I was also the girl who dreamed of living like Nancy Drew, with a closet full of clothes just right for the task at hand, the girlfriends who were always there in a pinch, the little speedy car with the air blowing through my hair. Not to mention outwitting the bad guys. I’m so thankful for minimal villains.

I couldn’t have ever imagined the joy I’d find in a daily routine. I never thought I’d be an athlete. I never thought my brother would be one of my best friends. I never thought I’d find happiness living two states away from my parents. I never thought I’d consider taking a day off of work to spend the time at home, knee deep in cookbooks. Or jump for joy at the redesigned Martha site. Again with the aprons and pearls. Who’d have thought?

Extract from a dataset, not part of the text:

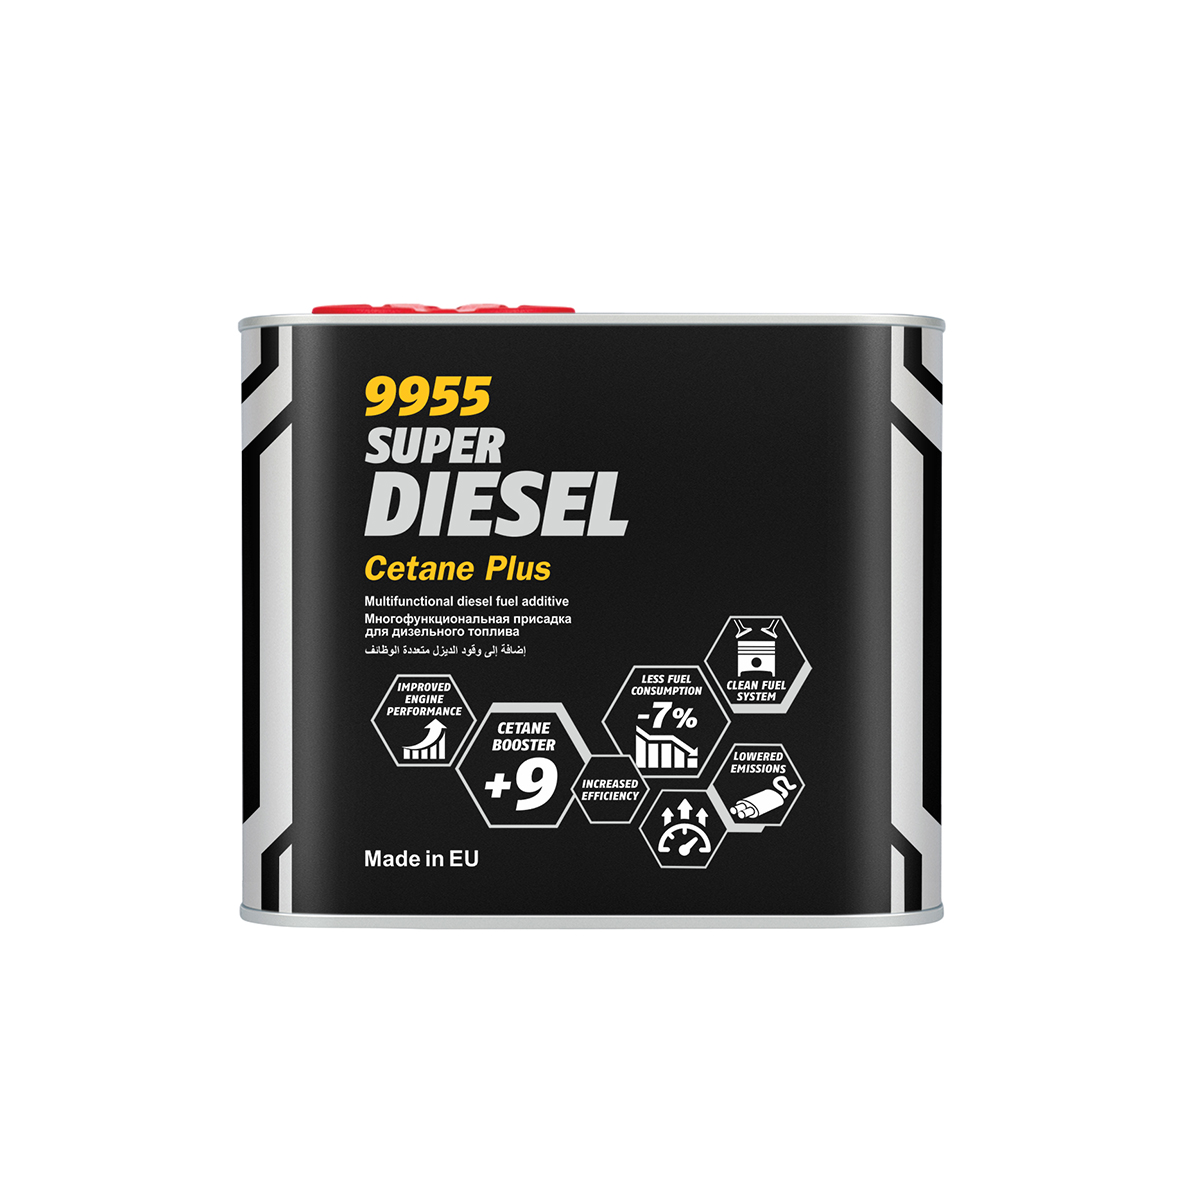 Tryk her og se de billige priser på Mannol Super Diesel Cetan Plus - 500 ml

Ultimately, I’m learning joy is all around us. It is just a matter of inviting her in with a welcoming, deserving, grateful smile. {And perhaps a cup of tea and a cookie.}

banana chocolate chip oat cookies

Chocolate Banana Oat Cookies:
2 Cups all-purpose flour
1/2 Teaspoon salt
1/2 Teaspoon ground cinnamon
1 Teaspoon baking powder
1 Teaspoon baking soda
1 Cup (2 sticks) unsalted butter, room temperature
1 Cup packed light-brown sugar
1/2 Cup granulated sugar
1 Tablespoon pure vanilla extract
3 Tablespoons milk
2 large eggs
3 Cups old-fashioned oats

(Or one pre-mixed bag of oatmeal cookies from Betty Crocker.)

To this, add:
2 more cups of old-fashioned oats
2 bananas (the riper, the better)
1 bag of chocolate chips

Directions:
Heat the oven to 350 degrees. Grease two baking sheets. Mix all ingredients in a deep, large bowl. Watch the consistency. If the cookies are too runny, add more oats. Too dry? Add a bit of soy milk. Scoop out your cookies and cook for 12-15 minutes. This should make 2-3 dozen. These are like those chocolate covered bananas at Disneyland, but oaty.

~K

P.S Wish of the week: to attend this class. I’d make this bag in chocolate brown and pink, with a tiny passport pocket inside. In New York City. With a stop afterward at the Magnolia Bakery. What are you wishing for?